Provided material:
++++++++++++++++++++
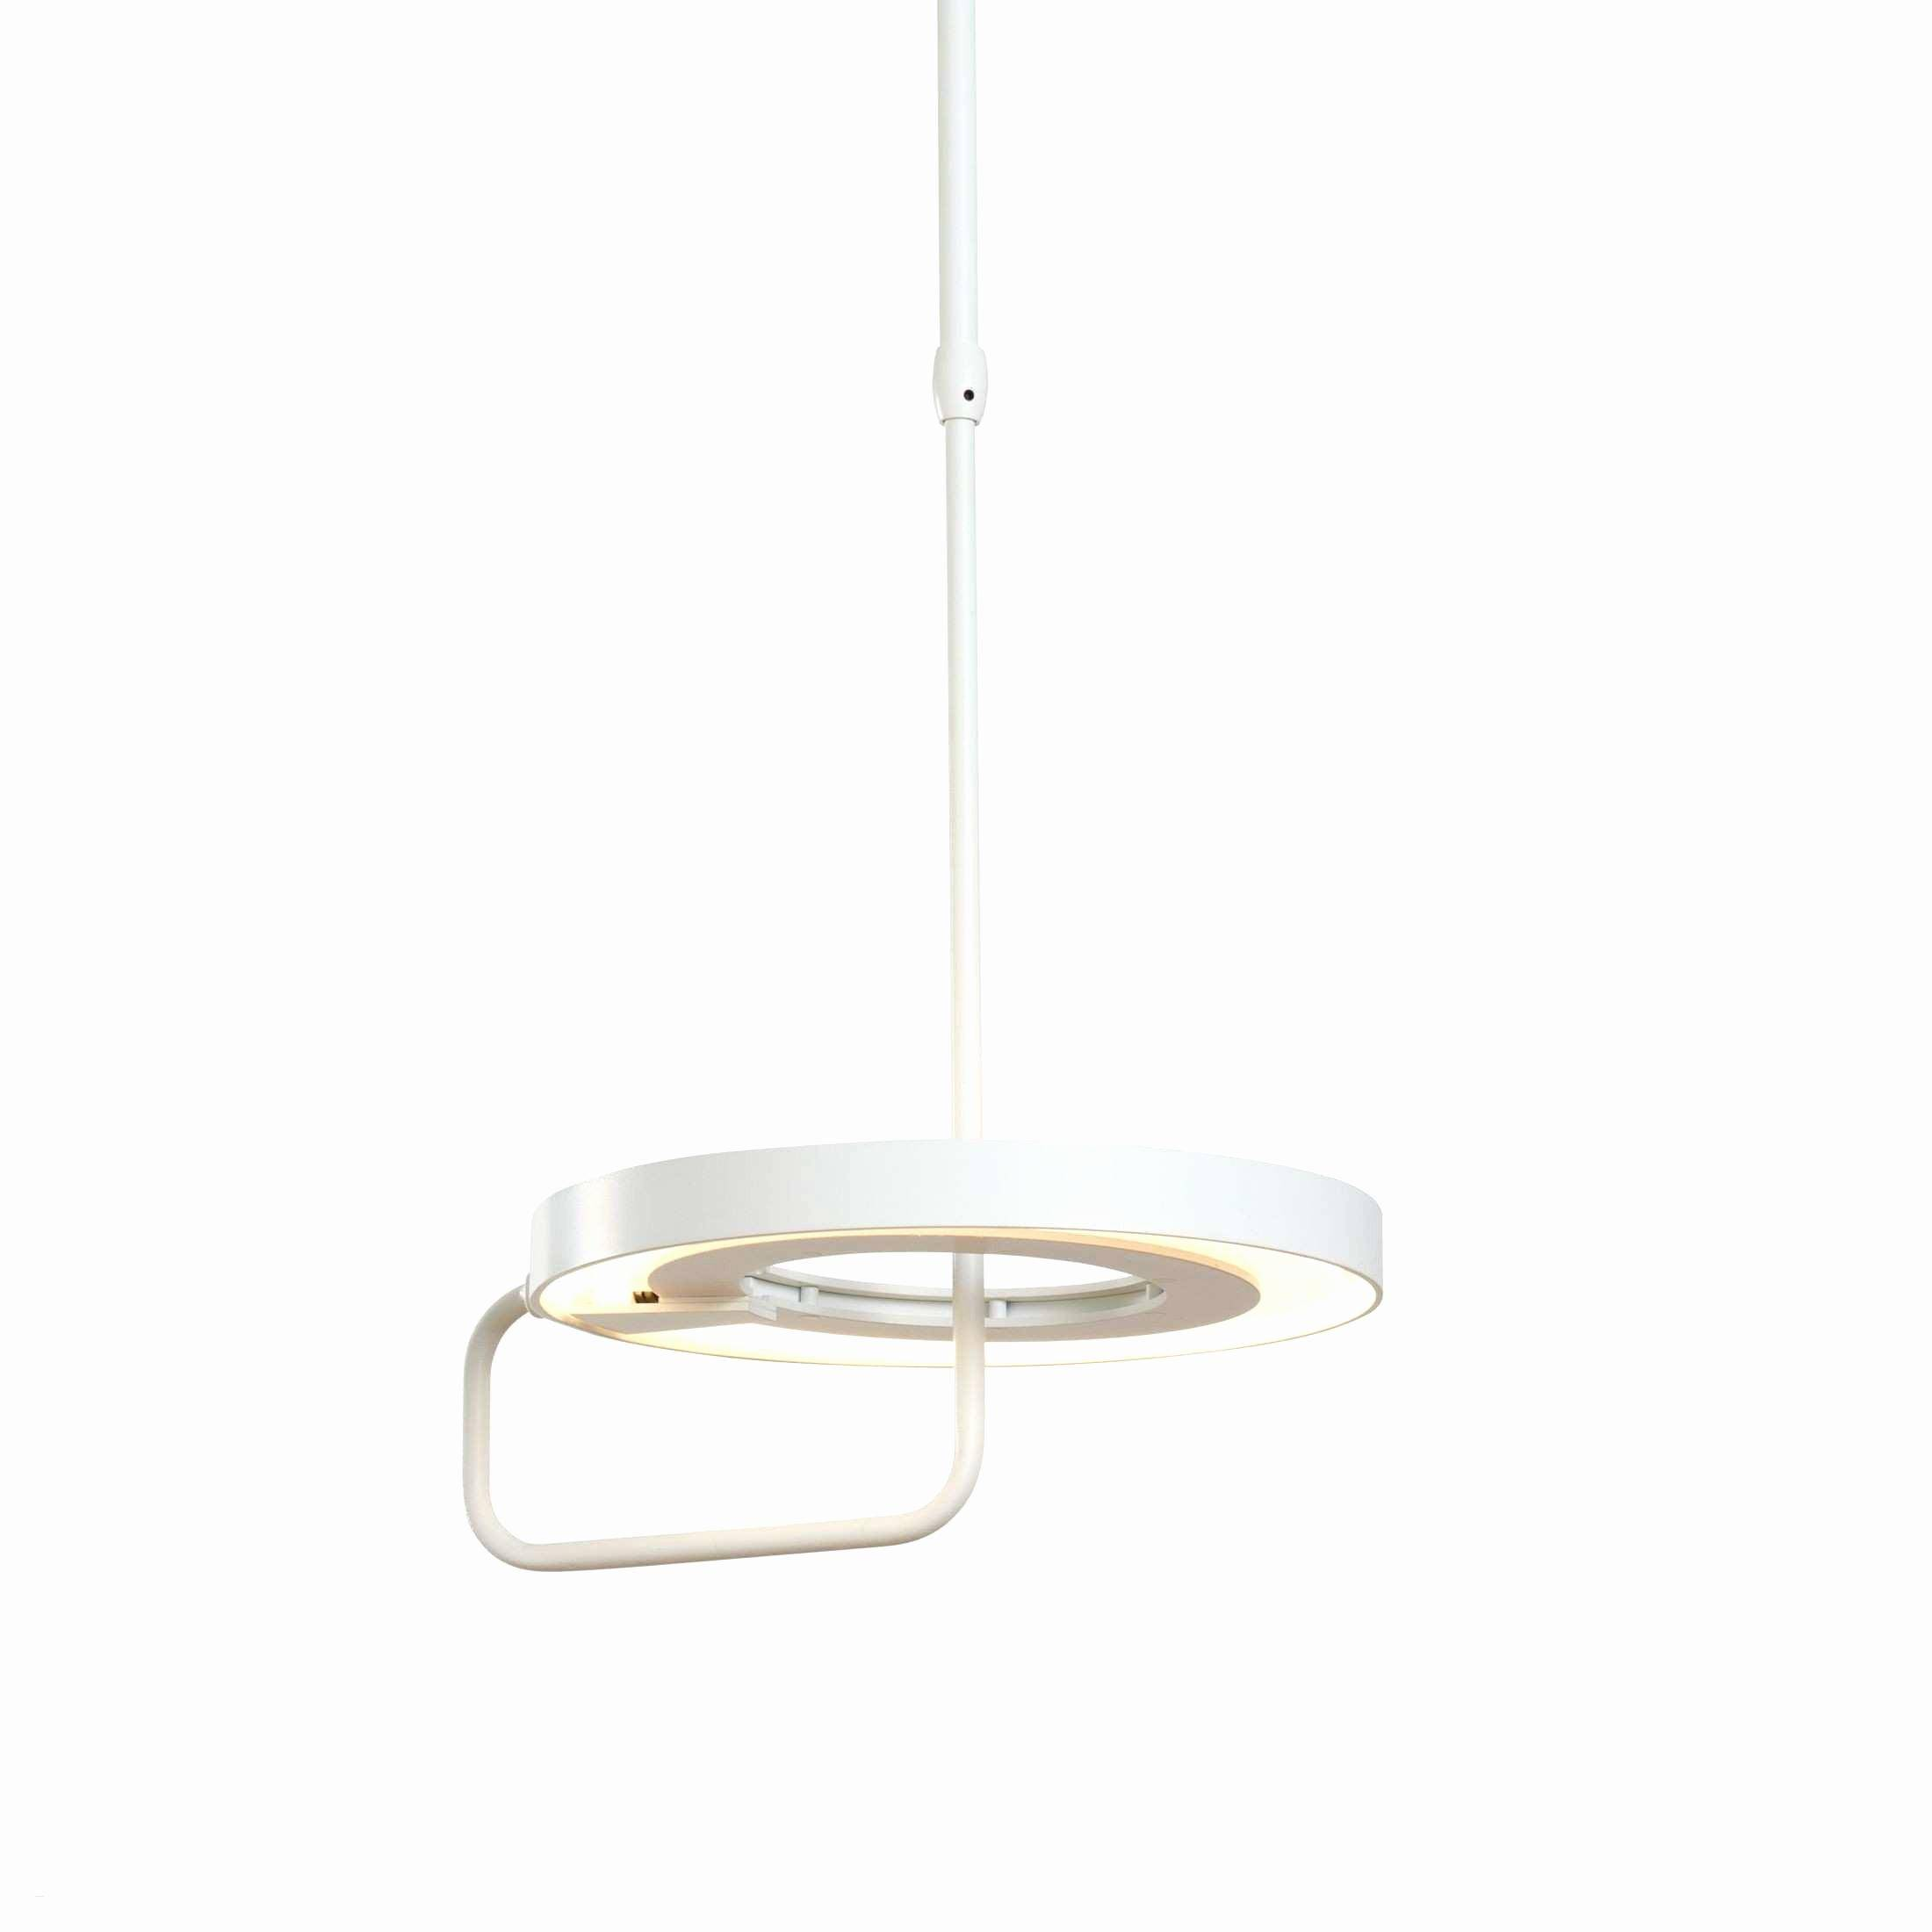 decorative pendant light fixtures inspirational decorative dining room ceiling lights within outdoor ceiling lights of decorative pendant light fixtures
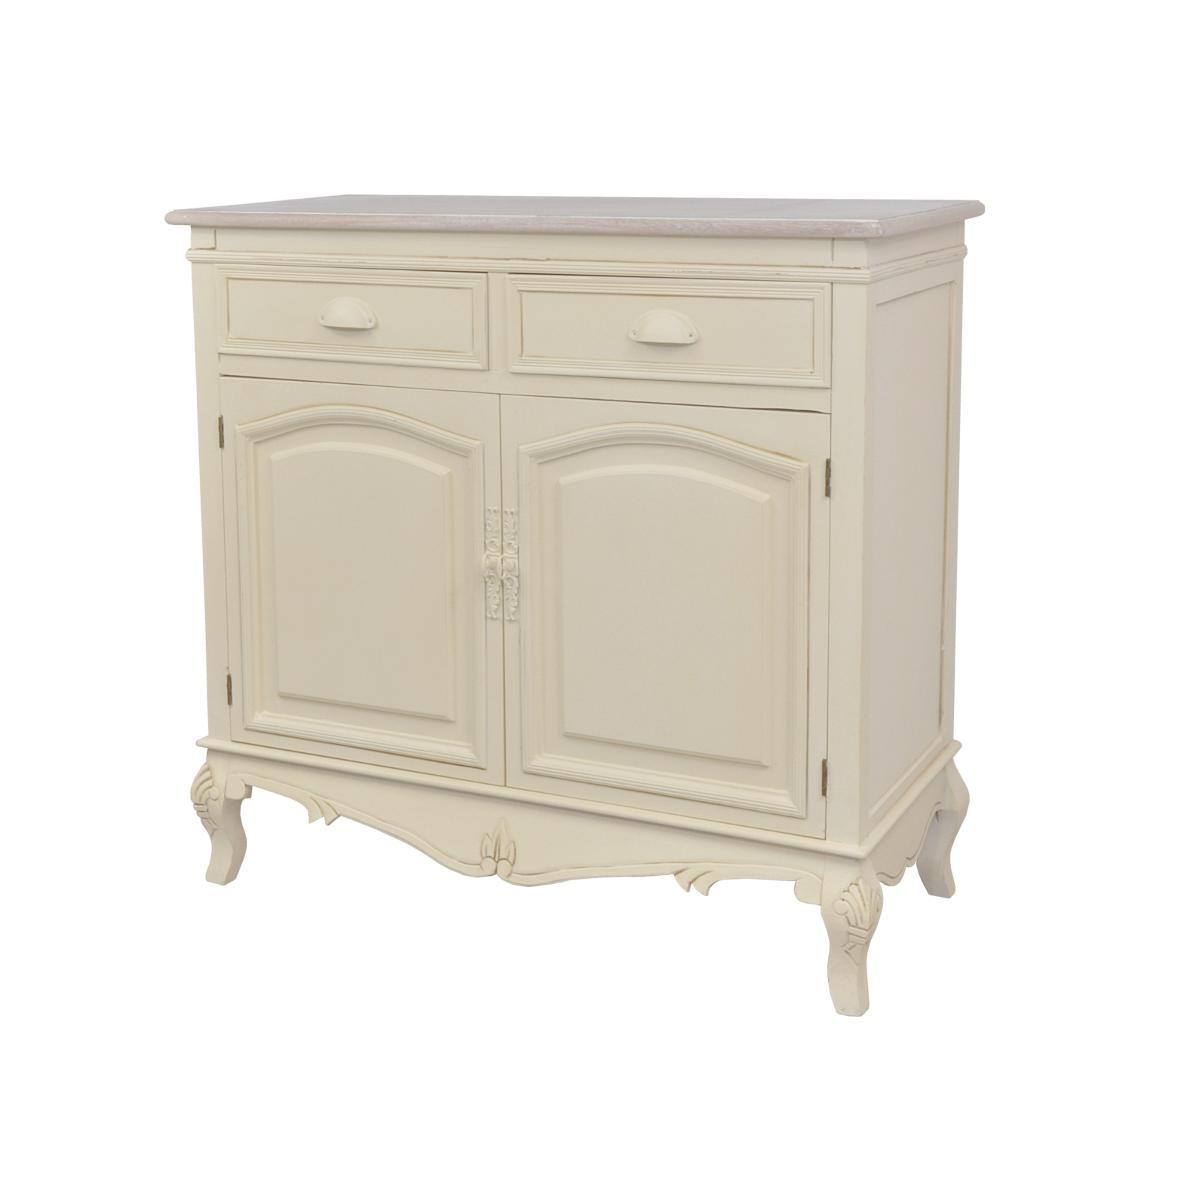 Cabinet din lemn de plop si MDF, cu 2 sertare si 2 usi Rimini RI01D Cream / Light Brown , l90xA39xH85 cm imagine
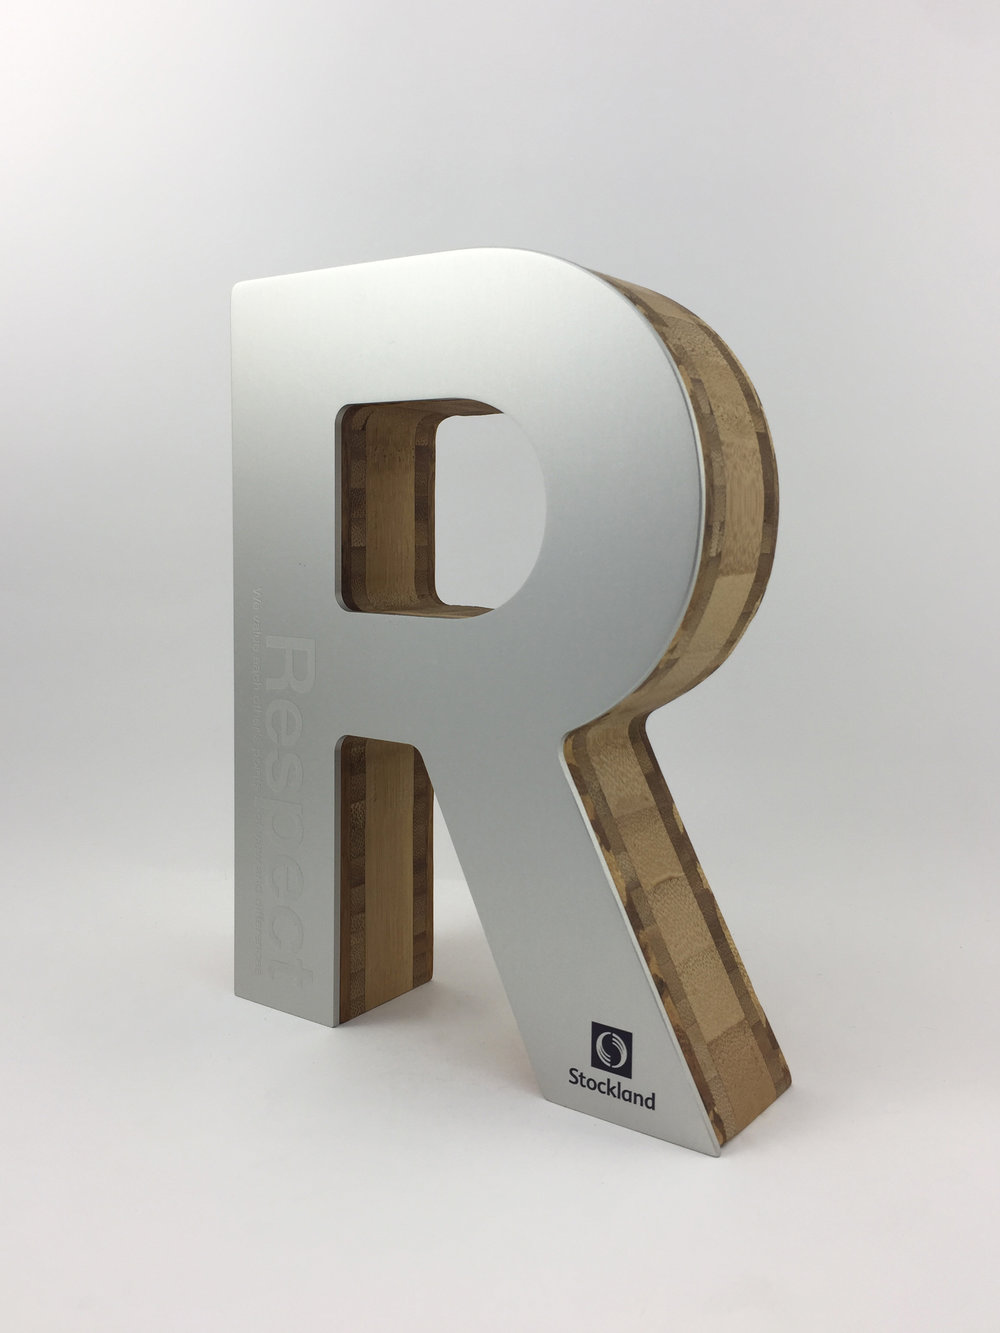 stockland-care-awards-eco-bamboo-plywood-timber-aluminium-trophy-04.jpg
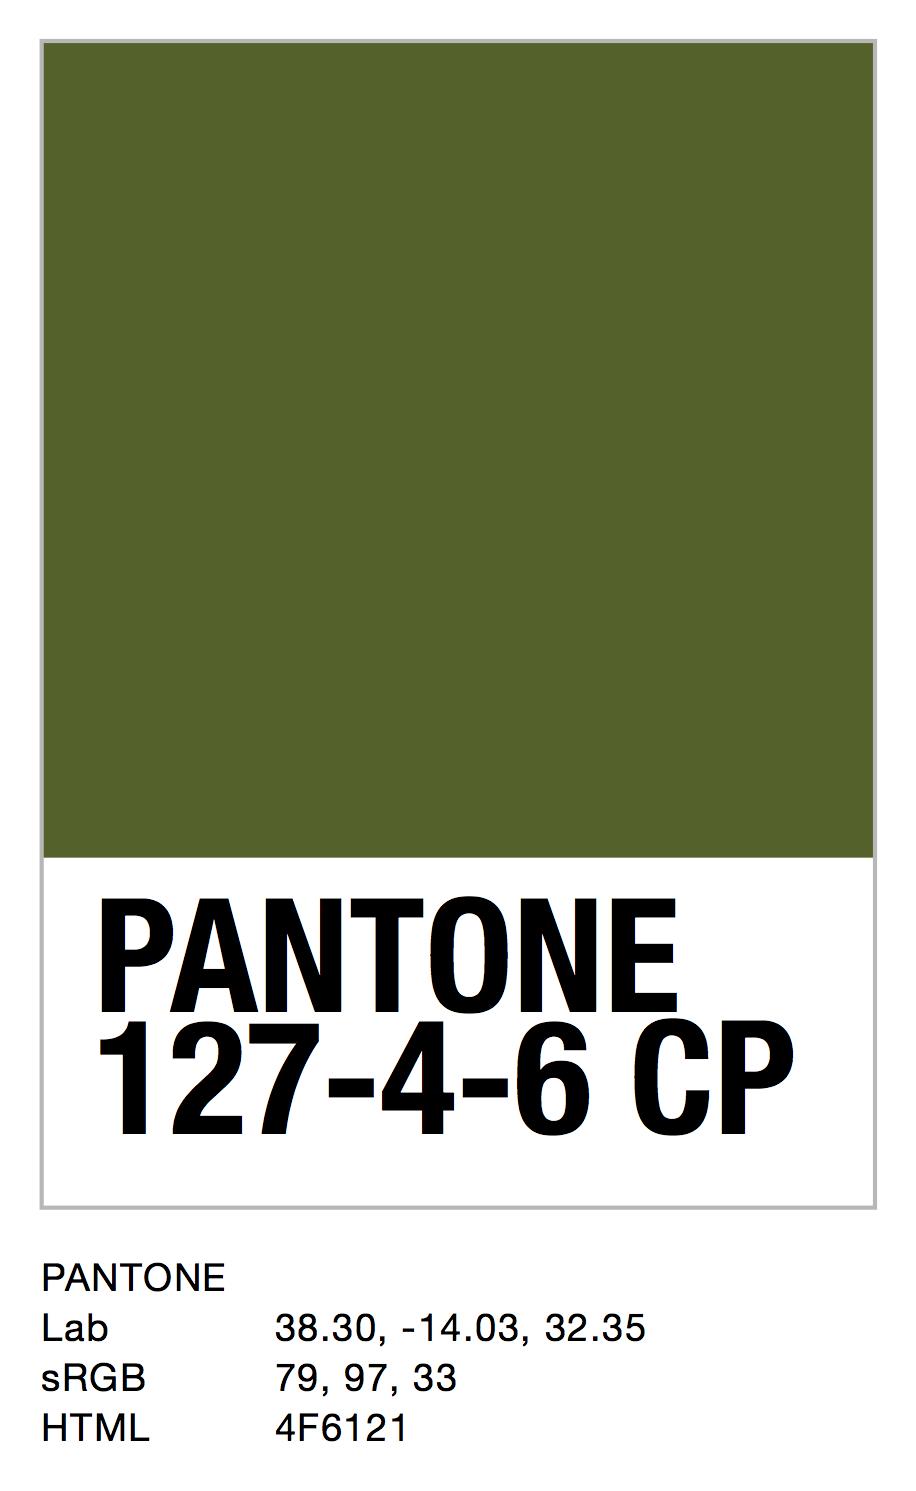 PANTONE 127-4-6 CP.jpg
++++++++++++++++++++
Directions: In full and without error, repeat the listing above, omitting its images.

Output:
 decorative pendant light fixtures inspirational decorative dining room ceiling lights within outdoor ceiling lights of decorative pendant light fixtures
 Cabinet din lemn de plop si MDF, cu 2 sertare si 2 usi Rimini RI01D Cream / Light Brown , l90xA39xH85 cm imagine
 stockland-care-awards-eco-bamboo-plywood-timber-aluminium-trophy-04.jpg
 PANTONE 127-4-6 CP.jpg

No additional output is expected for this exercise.